Handoffs allow one agent to delegate a task to another agent. They are the primary mechanism for building multi-agent systems where different agents specialize in different domains. Internally, handoffs are represented as tools exposed to the LLM. For example, if there is a handoff to an agent named "Refund Agent," the model sees a tool called transfer_to_refund_agent.
Handoffs accept several configuration options:
| Option | Description |
|---|---|
agent | The target agent to hand off to |
tool_name_override | Custom name for the handoff tool |
tool_description_override | Custom description for the handoff tool |
on_handoff | Callback function executed during the handoff |
input_type | Pydantic schema for structured metadata the model must provide |
input_filter | Modifies conversation history passed to the next agent |
is_enabled | Boolean or function controlling whether the handoff is available |
A triage agent that can hand off to specialized agents:
from agents import Agent, handoff
billing_agent = Agent(name="Billing agent", instructions="Handle billing questions.")
refund_agent = Agent(name="Refund agent", instructions="Process refund requests.")
triage_agent = Agent(
name="Triage agent",
instructions="Route customer queries to the right specialist.",
handoffs=[billing_agent, handoff(refund_agent)]
)
The input_type parameter allows the model to pass structured metadata during a handoff. This is useful for passing small pieces of information like the reason for escalation, the customer's language, or a priority level. Input filters (available through agents.extensions.handoff_filters) can modify or trim conversation history before passing it to the next agent, which is important for managing context length in long conversations.
Handoffs remain within a single run. Input guardrails only apply to the first agent in the chain, and output guardrails only apply to the final agent.

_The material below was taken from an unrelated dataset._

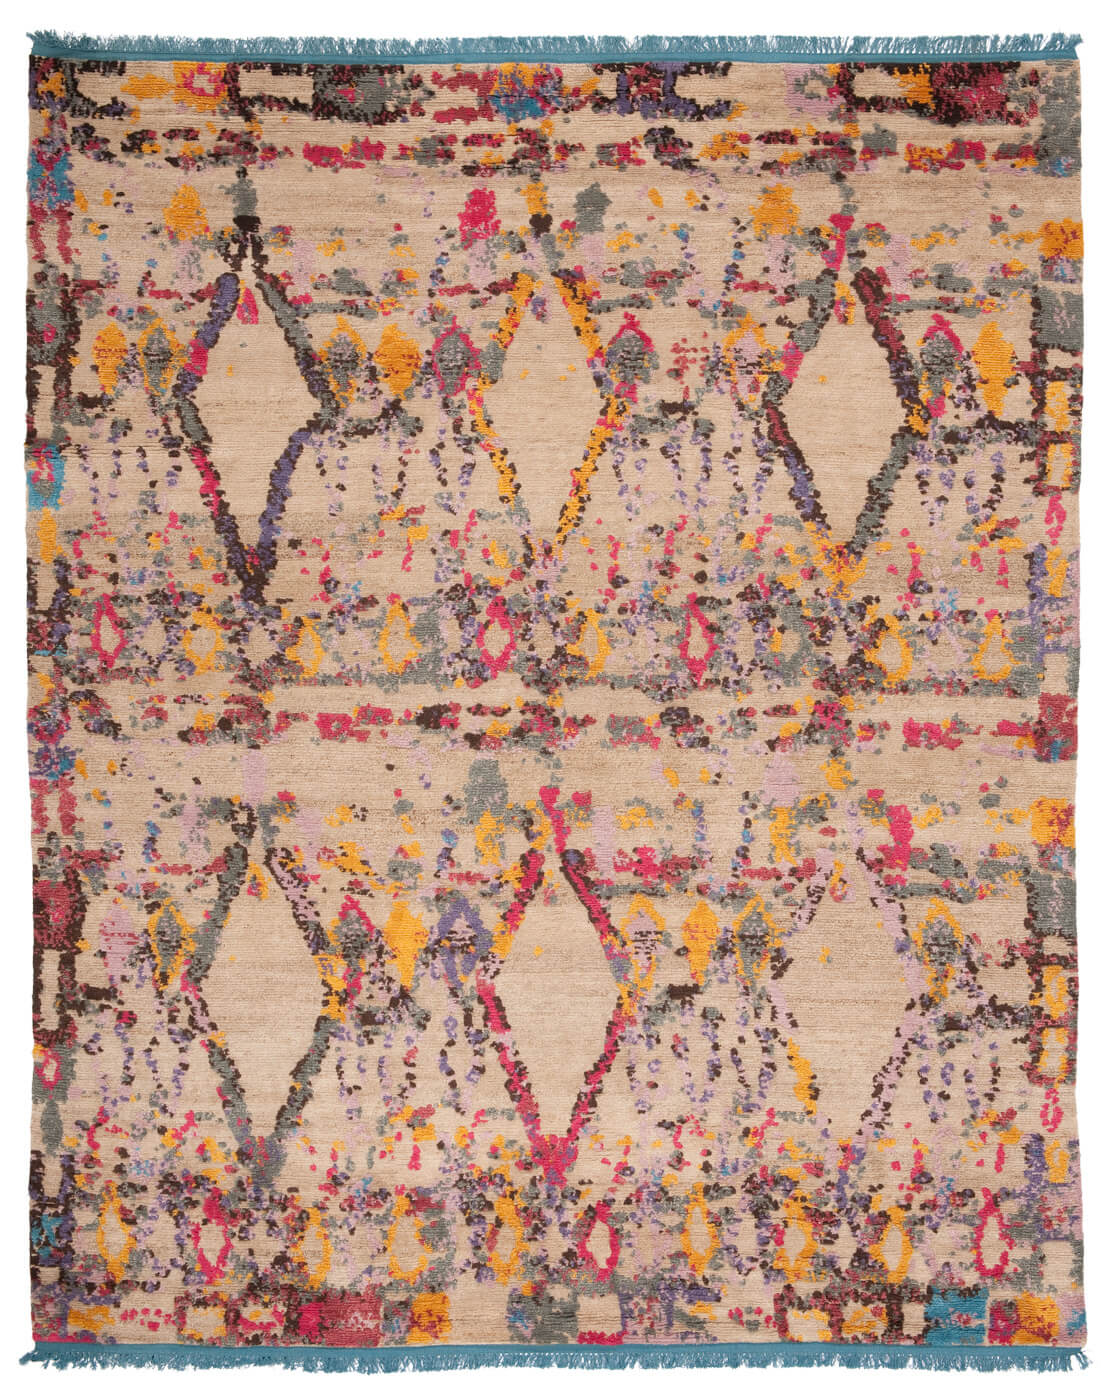 Hand-Woven Multicolored Luxurious Rug

Guardrails provide input and output validation to constrain agent behavior and prevent unsafe or malformed responses. The SDK supports three types of guardrails:
Input guardrails validate user input before or during agent execution. By default, they run in parallel with the agent (for lower latency), but can be configured to run in blocking mode (completing before the agent starts). When an input guardrail detects a violation, it triggers a tripwire that raises an InputGuardrailTripwireTriggered exception and halts execution.
Output guardrails validate the final output of an agent. They always run after the agent completes and apply only to the last agent in a handoff chain. They follow the same tripwire mechanism as input guardrails.
Tool guardrails wrap function tool invocations. Input tool guardrails run before the tool executes and can skip the call or reject the output. Output tool guardrails run after execution and can replace results or trigger tripwires.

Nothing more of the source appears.